En considération de ce qui précède, le loyer annuel du bail renouvelé au 1er octobre 2015 sera fixé comme suit :
— Valeur locative brute : 104 328 euros TTC
— Abattements clauses 'accès et parking’ et travaux du preneurs 1% + 10% :
104328 – 11% = 92852 euros
— Déduction taxe foncière : – 20664 euros :
72 188 euros TTC
Le jugement sera en conséquence infirmé en ce qu’il a fixé à la somme de 120366 euros HT et HC par an le prix du bail renouvelé à compter du 1er octobre 2015, dit que la société [Adresse 6] devra régler les arriérés de loyers résultant de cette fixation ainsi que les intérêts de retard depuis leur date d’exigibilité jusqu’à leur règlement effectif par application de l’article 1343-1 du code civil et que les intérêts échus depuis plus d’un an produiront eux-mêmes intérêts conformément à l’article 1343-2 du code civil, et condamné la société Carrefour proximité France à payer à la SCI Lafore la somme de 5000 euros au titre de l’article 700 du code de procédure civile et à payer les dépens.

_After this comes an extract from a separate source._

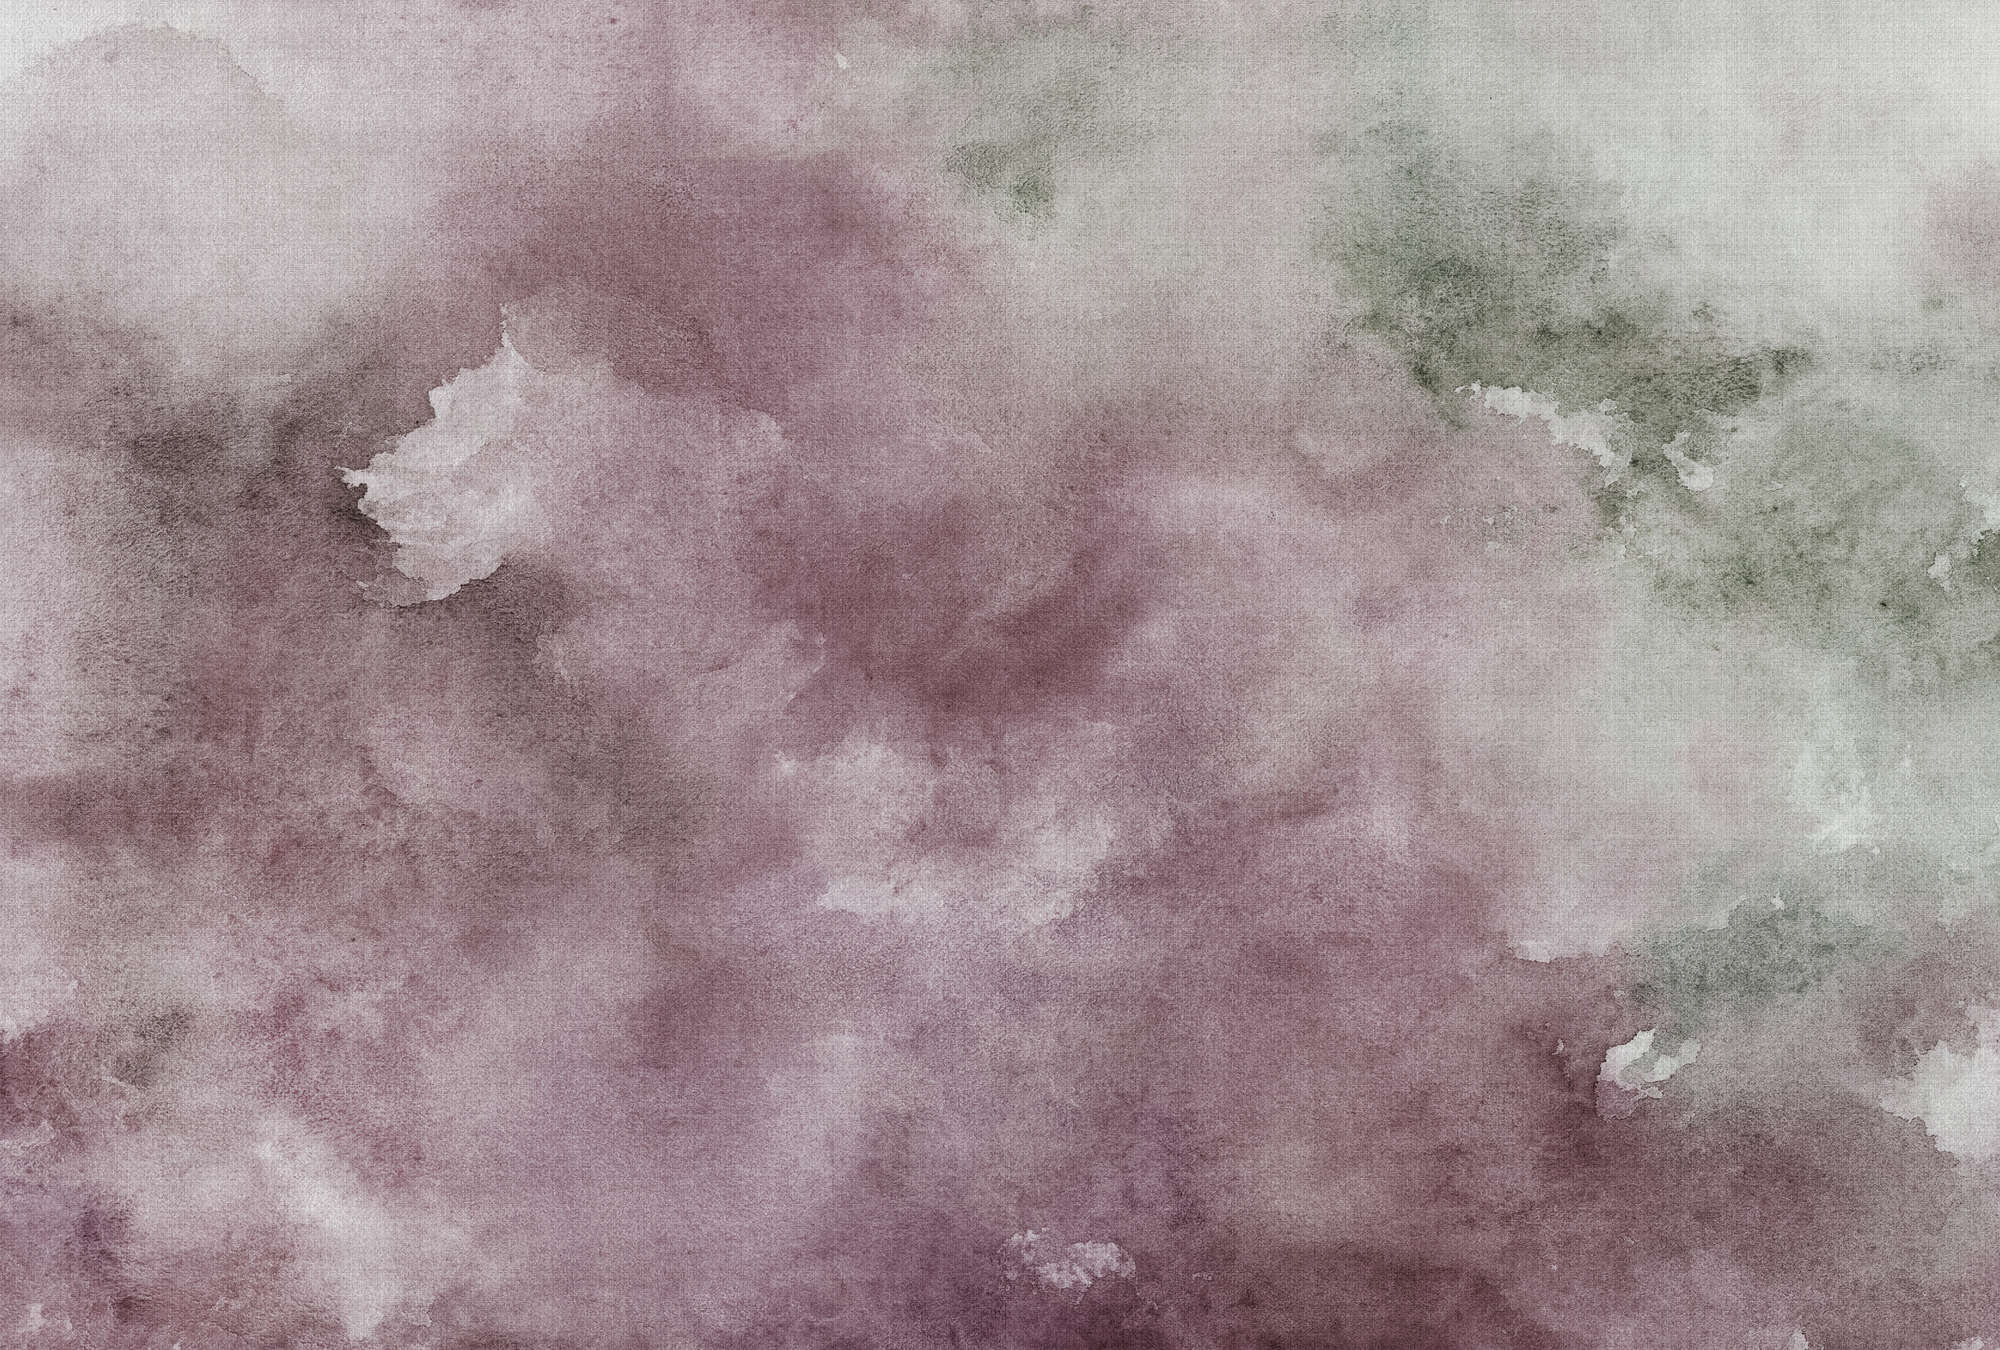             Acuarelas 2 - Papel Pintado Acuarelas Motivo Violeta - Textura Lino Natural - Beige, Marrón | Tejido sin tejer liso mate

La SCI Lafore sera déboutée de sa demande subsidiaire tendant à la fixation du loyer à la somme de 158950 euros HT, ce montant ne correspondant pas à la valeur locative telle que déterminée ci dessus, et condamnée à rembourser à la société [Adresse 6] les trop-perçus de loyers avec intérêts et capitalisation.
Sous réserve des ajustements quantitatifs opérés par la cour, il a été fait droit, sur le principe, aux prétentions de l’appelante.
La SCI Lafore sera en conséquence condamnée aux dépens de première instance et d’appel ainsi qu’au paiement d’une indemnité sur le fondement des dispositions de l’article 700 du code de procédure civile, comme il sera dit au dispositif.
PAR CES MOTIFS
La cour, statuant publiquement, contradictoirement, par mise à disposition au greffe,
Infirme le jugement entrepris en toutes ses dispositions, sauf en ce qu’il a constaté que les parties s’accordent sur le principe du renouvellement du bail au 1er octobre 2015,
Statuant à nouveau,
Fixe à la somme de 72188 euros TTC hors charge, par an, le prix du bail renouvelé à compter du 1er octobre 2015,
Déboute la SCI Lafore de sa demande subsidiaire,
Condamne la SCI Lafore à rembourser à la société [Adresse 6] les trop-perçus de loyer depuis le 1er octobre 2015,
Condamne la SCI Lafore à payer à la société [Adresse 6] , conformément à l’article 1231-6 du code civil, les intérêts au taux légal sur les trop-perçus de loyer depuis leur date d’exigibilité jusqu’au remboursement à la société preneuse, et ce avec capitalisation dans les conditions prévues par l’article 1343-2 du code civil pour les intérêts correspondant à des trop-perçus de loyers dus depuis plus d’un an,
Condamne la SCI Lafore à payer à la société [Adresse 6] une somme de 5000 euros en application des dispositions de l’article 700 du code de procédure civile, à titre d’indemnité pour frais irrépétibles de première instance et d’appel,
Condamne la SCI Lafore aux dépens de première instance et d’appel qui seront recouvrés conformément aux dispositions de l’article 699 du code de procédure civile.